We also test our LPM for near-duplicate image retrieval and compare it with RANSAC, ICF, GS, and MR-RPM on the California-ND dataset (Jinda-Apiraksa et al. 2013). We select all of the classes that have 10 or more images, and for each class we randomly select 10 images for evaluation which results in 14, 280 image pairs in total. The sizes of the test images are all \(1024\times 768\). We run the matching algorithms and utilize the number of preserved matches as the similarity between image pairs, and then return a ranked list for a provided image according to its similarities with every other image in the dataset. The performance is also characterized by precision and recall. We denote the required image number to be retrieved for a provided image as RN. The precision is valid for \(RN\le 10\) and the recall is valid for \(RN\ge 10\), because each class contains 10 images.

The statistic retrieval results of the four methods in the dataset are presented on the left two figures of Fig. 13. Our LPM evidently outperforms all other methods and obtains the best precision and recall, followed by RANSAC and MR-RPM. Specifically, the average retrieved correct image numbers of RANSAC, ICF, GS, GMS, MR-RPM and our LPM for \(RN=10\) are approximately 7.45, 5.18, 7.13, 7.65, 7.13 and 8.74, respectively. The runtime statistics of LPM on all the 14, 280 image pairs is provided on the right of Fig. 13, where the median runtime is about 0.729 ms.

We also measure the retrieval performance of the so-called bulls-eye score (Bai et al. 2010), which is defined as the ratio of the total number of correct images among the 20 most similar images to the highest possible number (i.e, 10). The best possible rate is \(100\%\). The bulls-eye scores of RANSAC, ICF, GS, GMS, MR-RPM and our LPM are approximately \(81.25\%\), \(59.50\%\), \(80.00\%\), 82.67, \(80.25\%\) and \(92.17\%\), respectively. Our method again evidently showcases the best performance.

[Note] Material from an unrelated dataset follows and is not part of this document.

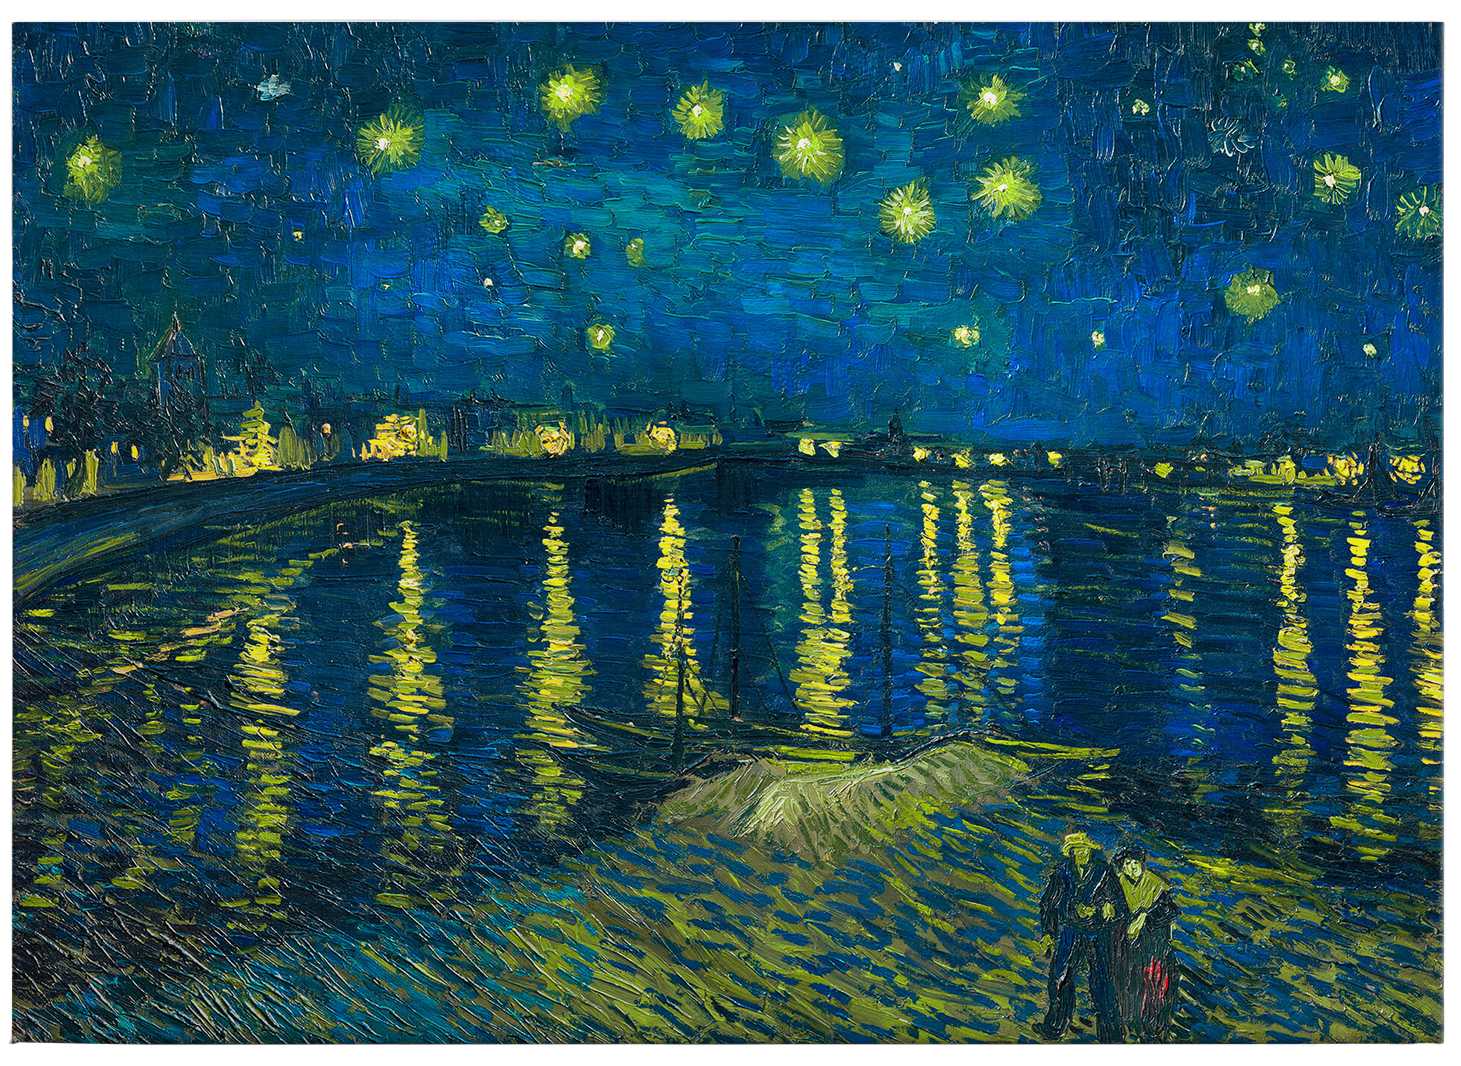             Quadro su tela "Notte stellata" di Van Gogh - 0,70 m x 0,50 m

6 Discussion and Conclusion

In this paper, we proposed a novel mismatch removal method for robust feature matching. It works based on a general characteristic that the neighborhood structures of feature correspondences between two images of the same scene should be similar. We formulated this idea into a mathematic model and derived a closed-form solution with linearithmic time complexity. The qualitative and quantitative results on feature matching as well as other real-world tasks demonstrated that our method can handle a variety of matching problems. More importantly, it can identify outliers from over 1, 000 putative matches in only a few milliseconds, which is more than two orders of magnitude faster than state-of-the-art methods. Since our method is very fast, it can be used to provide a quick initialization for more complicated problem-specific matching algorithms, for instance RANSAC, to estimate the epipolar geometry between wide baseline image pairs.

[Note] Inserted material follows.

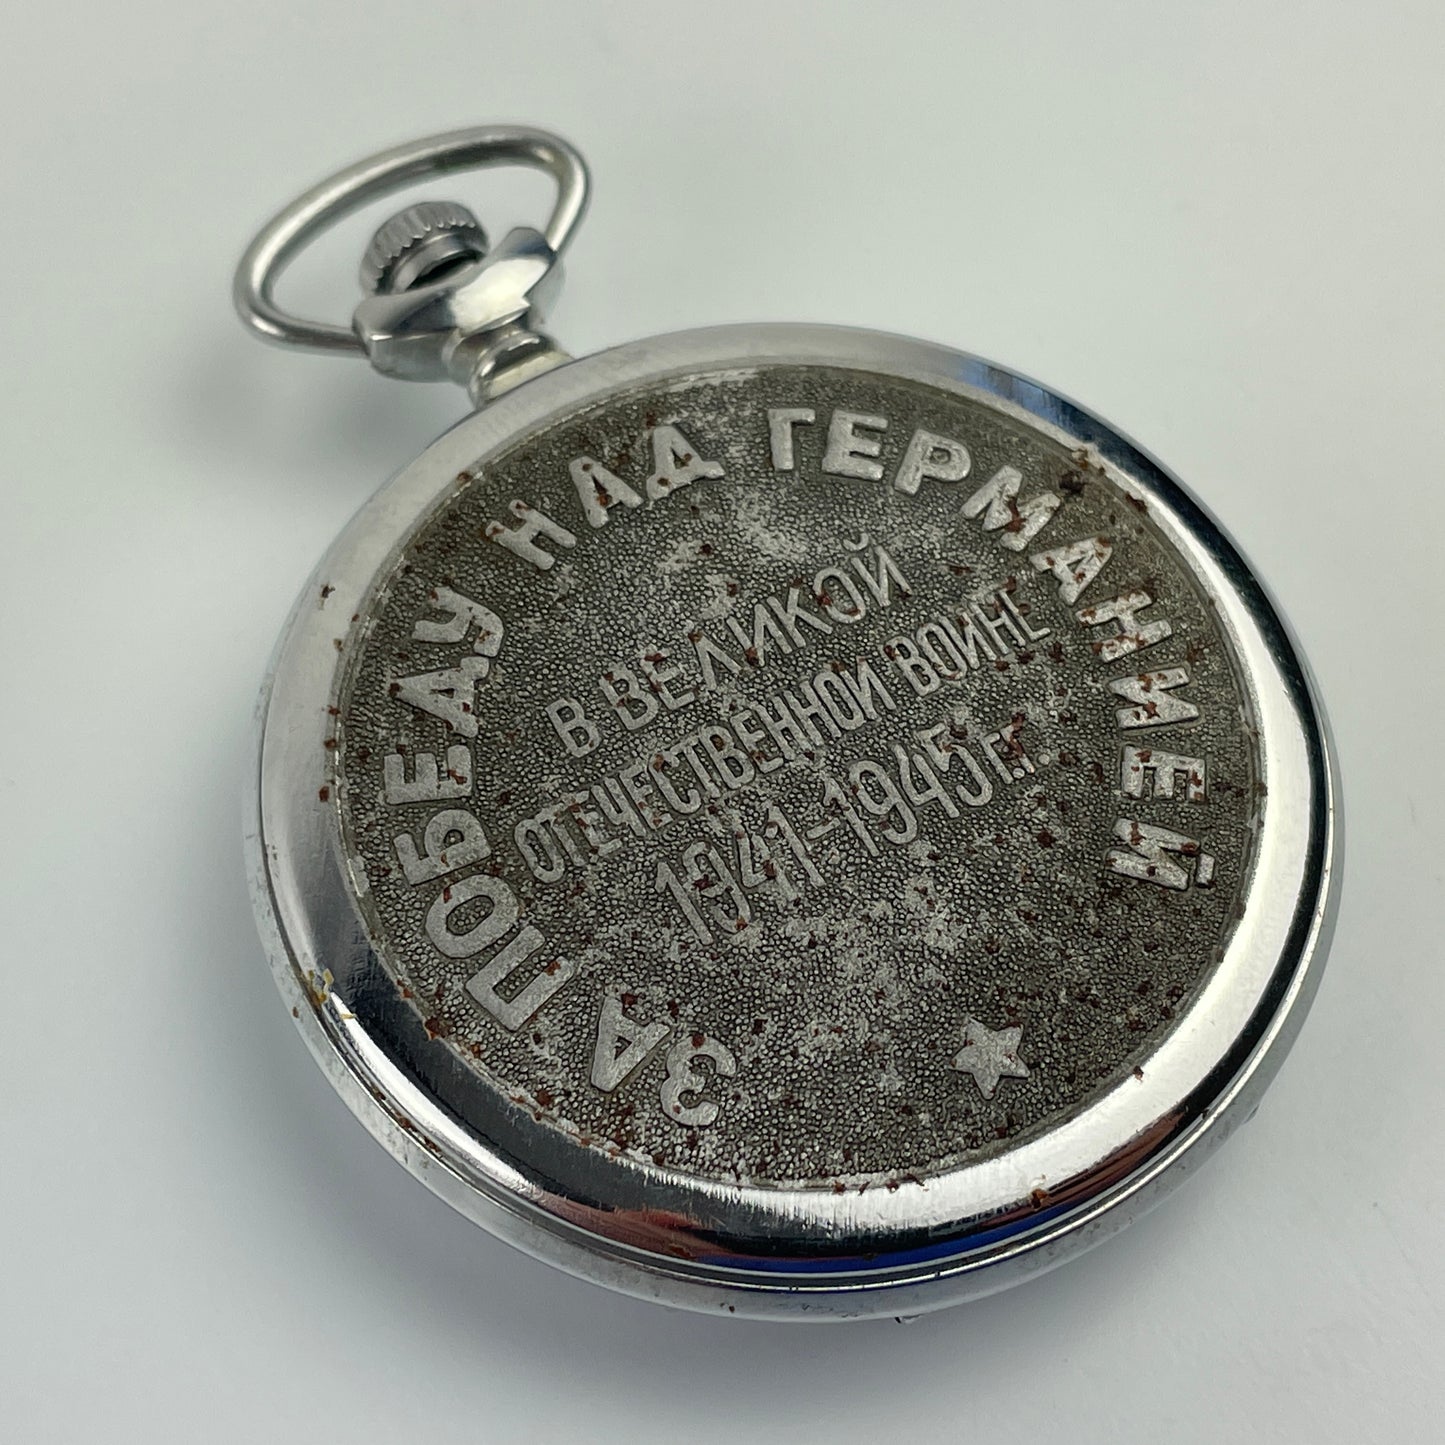 Lot 10- Russian Men’s Vintage Mechanical Pocket Watch

For most existing feature matching methods, there is a critical prerequisite that the putative set should not contain a huge number of outliers. To ensure relatively high inlier ratio, typical strategies for putative set construction often falsely discard a part of true matches. This will be problematic if image pairs themselves contain very few true matches, for example, matching low-overlap images (e.g., remote sensing images for mosaic) or low-quality images (e.g., medical images for fusion). To address this issue, we have designed a guided matching strategy based on our preliminary LPM method (Ma et al. 2017) in the context of solving the remote sensing image registration (Ma et al. 2018) and visual homing (Ma et al. 2018) problems. It uses the matching result on a small putative set with a high inlier ratio to guide the matching on a large putative set with a (very) low inlier ratio. Therefore, it is able to address the matching problem when the putative set is constructed from a large number of (cheap) features (possibly with high noise) and is thus semi-dense (Bian et al. 2017; Lin et al. 2018). This guided matching strategy can be directly applied to our LPM in this work to boost the number of true matches.